Tombés dans la désuétude depuis belle lurette, les chemins de fer du Sénégal s’apprêtent à se relever de leur léthargie à partir de la région Thiès, située à 70 kilomètres de Dakar.
Après plusieurs années de mutisme, le train a sifflé ce mardi 27 février dans la ville de Thiès, surnommée « la cité du rail ». Le son a réveillé des frissons indescriptibles chez les cheminots retraités assis à la tribune officielle de la gare de Thiès, flambant neuve. Ces vétérans, qui sont témoins de l’âge d’or du transport ferroviaire sénégalais, à l’époque où le train roulait de Dakar à Bamako, font partie des principaux invités de la cérémonie de lancement officiel de la reprise du transport-voyageurs par train sur l’axe Thiès – Diamniadio, soit une distance d’environ 35 kilomètres.
Au moment où certains d’entre eux arrêtent d’égrener leur chapelet, à l’écoute du son mythique que les bruits stridents des sonos ne parviennent même pas à noyer, d’autres regardent nostalgiquement la nouvelle génération de cheminots s’affairer à différentes tâches. Ils ne pouvaient pas manquer ce rendez-vous parce qu’ils se devaient de venir ne serait-ce que pour leurs « collègues décédés et pour ceux qui sont malades », soutient Manar Sall, représentant des cheminots des Grands trains du Sénégal (GTS SA), la société publique qui gère le volet du transport ferroviaire des voyageurs et du fret.
Cette reprise du transport-voyageurs par train rentre dans le cadre global de la relance du chemin de fer au Sénégal. Elle se matérialise, après une léthargie de plusieurs années, par la réfection des lignes de chemins de fer commencée depuis plusieurs mois par les ouvriers de la Société nationale des chemins de fer du Sénégal (CFS), sous l’impulsion du directeur général Malick Ndoye. La première phase concerne l’axe Dakar-Tambacounda (est) alors que la deuxième se prolongera jusqu’à la ville de Kidira, à la frontière avec le Mali.

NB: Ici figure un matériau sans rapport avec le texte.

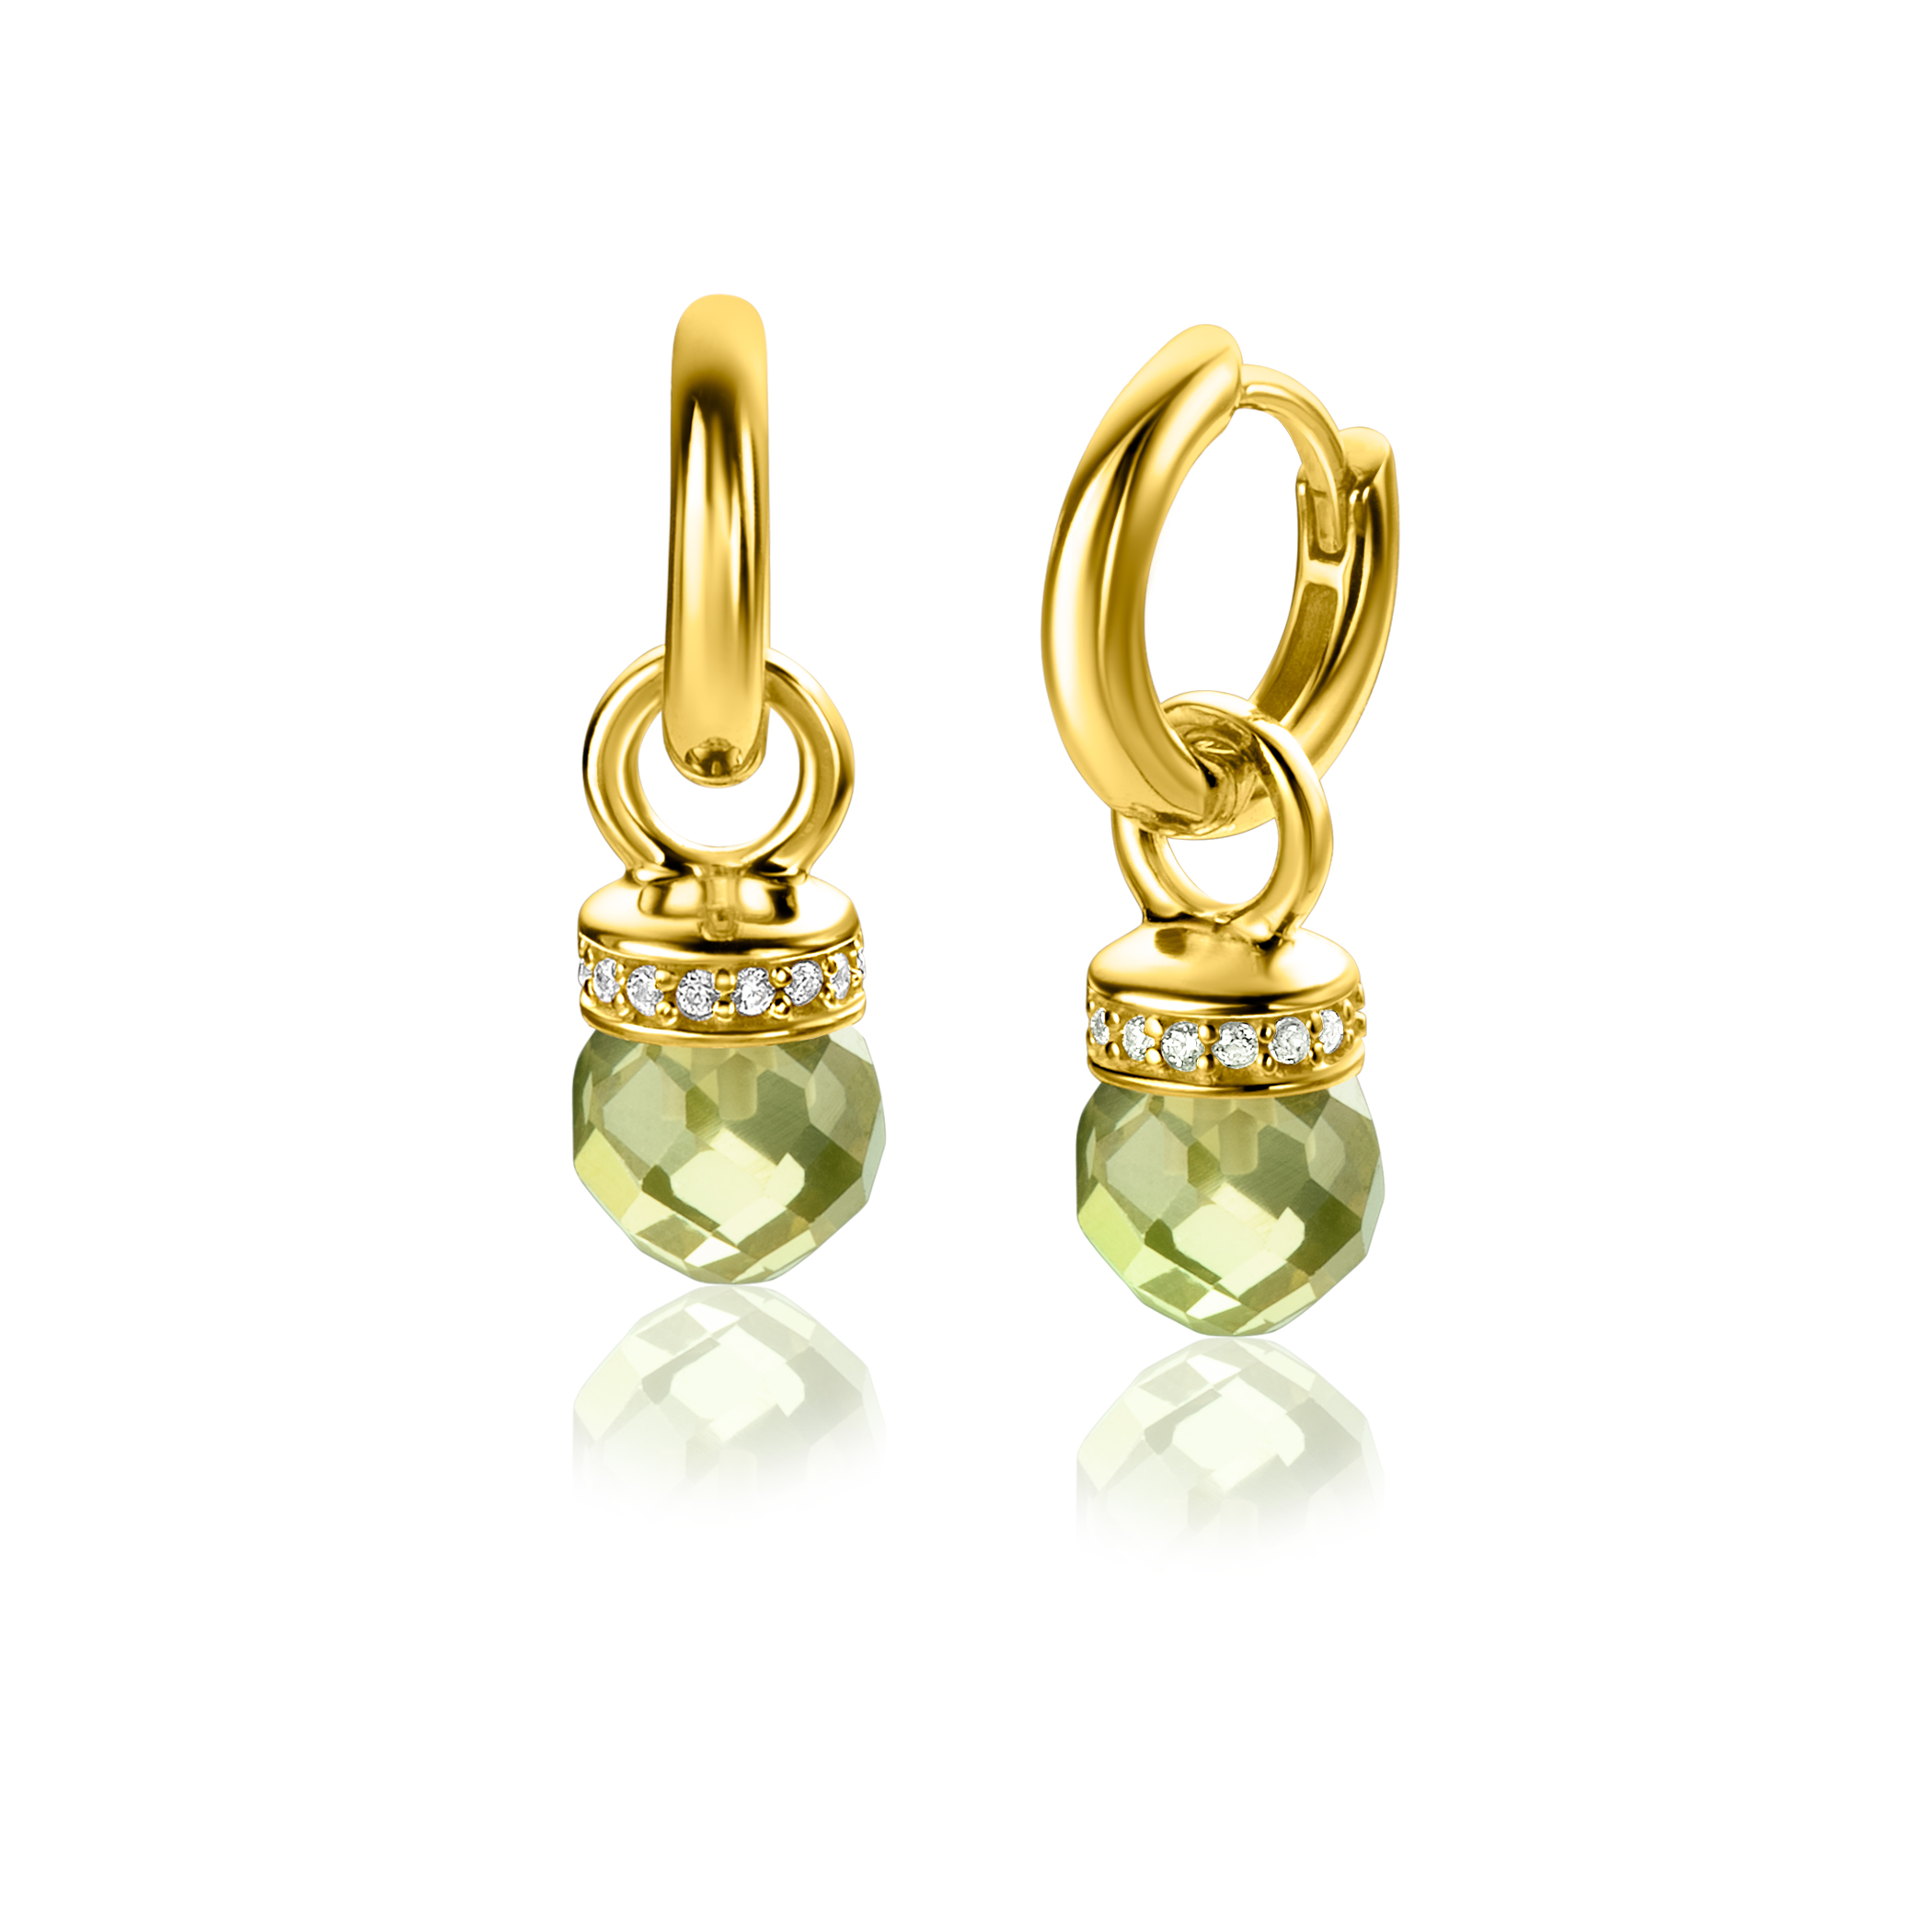 15mm ZINZI Gold Plated Sterling Silver Earrings Pendants with Round Green Peridot Color Stones and White Zirconias ZICH2428 (excl. hoop earrings)

Une « histoire ferroviaire »
De nouvelles rames sont également acquises par les autorités pour le transport des personnes et des marchandises. L’objectif visé est d’accélérer le développement socio-économique en fixant les camions maliens, qui viennent par centaines quotidiennement dans la capitale sénégalaise pour se ravitailler en divers produits et denrées, dans la région de Tambacounda et en réduisant drastiquement le nombre d’accidents enregistrés sur la route. Ainsi, pour la phase entre Thiès et Diamniadio, dix trains vont circuler par jour pour des tarifs classés entre 1000 et 1500 francs CFA.
« C’est un grand jour pour les Thiessois », affirme Babacar Diop, le maire de cette ville dont « l’identité est liée au chemin de fer ». « Thiès est une ville ferroviaire. Les cheminots ont rédigé son histoire. Depuis que je suis devenu maire de cette localité (en janvier 2022), la seule doléance que j’ai exposée au président Macky Sall était de réhabiliter le chemin de fer » pour la reprise du trafic qui faisait vivre plusieurs activités connexes, précise M. Diop, opposant du régime en place et candidat recalé de l’élection présidentielle prévue cette année.
« Ce 27 février 2024 est un grand jour, car il marque la connexion ferroviaire permanente entre le département de Thiès et la capitale Dakar, via la gare emblématique de Diamniadio. Quel bonheur pour les Thiessois ! », s’est extasié Pape Amadou Ndiaye, ministre auprès du ministre des Transports terrestres et du Désenclavement en charge du Développement des Chemins de Fer et non moins responsable politique du parti au pouvoir dans la ville.
Une gare « symbolique »
Tout de blanc vêtu et acclamé par plusieurs de ses souteneurs déplacés pour cette réception officielle aux allures de meeting politique, il rappelle triomphalement la réalisation du Train express régional (Ter) par le chef de l’Etat sortant, « une infrastructure de transport de masse moderne, rapide, sécurisée et structurante ». Poursuivant, le ministre souligne que « la vision du président Macky Sall est de faire redevenir Thiès la ville de l’industrie ferroviaire et le centre de formation aux métiers du transport ferroviaire ».
Optimiste pour l’avenir, il note que « cette belle gare est le symbole de la renaissance des chemins de fer du Sénégal ». « Les enjeux pour la reprise du trafic, la problématique de la mobilité des personnes et des biens, aussi bien en zones urbaine, périurbaine et interurbaine, demeurent une priorité majeure pour le gouvernement. Depuis 2012, l’Etat multiplie les efforts pour la renaissance des chemins de fer », a indiqué M. Ndiaye.